23 octobre 2007

Aux fanatiques de la Vertu


En ces temps de déraison, où le désir morbide de repentance côtoie la mauvaise foi et le sectarisme, où certaines commémorations pathétiques éclipsent la mémoire de tant d’injustices, et où la récupération politique du passé devient le sport favori de gnomes ivres de surenchères verbales, mais incapables d’exister par eux-mêmes ; en ces temps médiocres et arides, qu’il soit permis d’évoquer le souvenir d’un doux poète, qui mourut innocent sous la hache féroce de ceux qui prétendaient fonder la plus belle et la plus vertueuse des républiques.
Celui qui n’avait d’autre passion que l’amour de la Beauté, et qui voulait donner aux idées neuves de Bonheur et de Liberté, l’écrin de la perfection antique, périt d’avoir osé dire leurs vérités aux zélateurs bornés et fanatiques de la Révolution.Du fond de l’infâme cachot où il fut jeté sans raison, et dont il ne sortit que pour monter sur l’échafaud, il eut la force de chanter dans des ïambes sublimes le drame indicible qui à travers lui, dévastait un pays pourtant si orgueilleux d’avoir avec emphase déclaré au Monde, les « Droits de l’Homme et du Citoyen».

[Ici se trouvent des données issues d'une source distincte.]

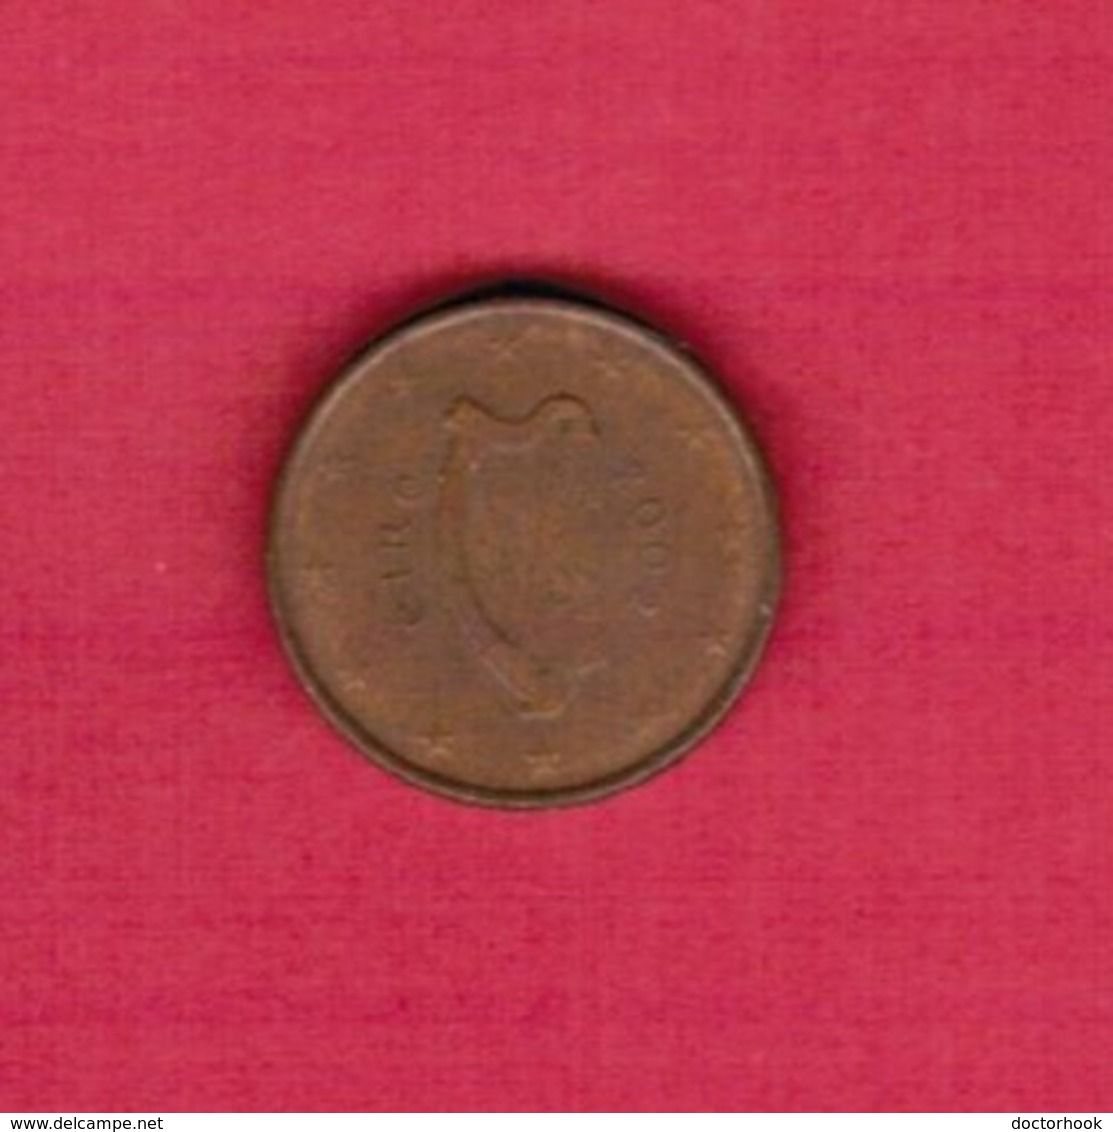 IRELAND   1 EURO CENT 2002 (KM # 32) #5225 - Ireland

André Chénier, que les tyrans sans-culotte décrivirent comme un « prosateur stérile » et que Victor Hugo considéra lui, comme un génie « romantique parmi les classiques » mourut sacrifié au nom de trop belles idées, trop bien appliquées.
Ses vers désespérés rappellent aujourd’hui la nécessité d’être humble, surtout quand on se targue de manier les grands principes. Si d’aucuns refusent de lire la lettre de Guy Môquet, pourquoi ne retourneraient-ils pas à la source de cette poésie si poignante, qu’il faudrait ne jamais oublier ?
Vienne, vienne la mort! Que la mort me délivre!
Ainsi donc à mon cœur abattu
Cède aux poids de ses maux? Non, non. Puisse-je vivre!
Ma vie importe à la vertu.
Car l'honnête homme enfin, victime de l'outrage,
Dans les cachots, près du cercueil,
Relève plus altier son front et son langage,
Brillants d'un généreux orgueil.
S'il est écrit aux cieux que jamais une épée
N'étincellera dans mes mains;
Dans l'encre et l'amertume une autre arme trempée
Peut encor servir les humains.
Justice. Vérité, si ma main, si ma bouche,
Si mes pensers les plus secrets
Ne froncèrent jamais votre sourcil farouche,
Et si les infâmes progrès,
Si la risée atroce, ou, plus atroce injure,
L'encens de hideux scélérats
Ont pénétré vos cœurs d'une longue blessure;
Sauvez-moi. Conservez un bras
Qui lance votre foudre, un amant qui vous venge.
Mourir sans vider mon carquois
Sans percer, sans fouler, sans pétrir dans leur fange
Ces bourreaux barbouilleurs de lois!
Ces vers cadavéreux de la France asservie,
Egorgée! O mon cher trésor,
O ma plume! Fiel, bile, horreur. Dieux de ma vie!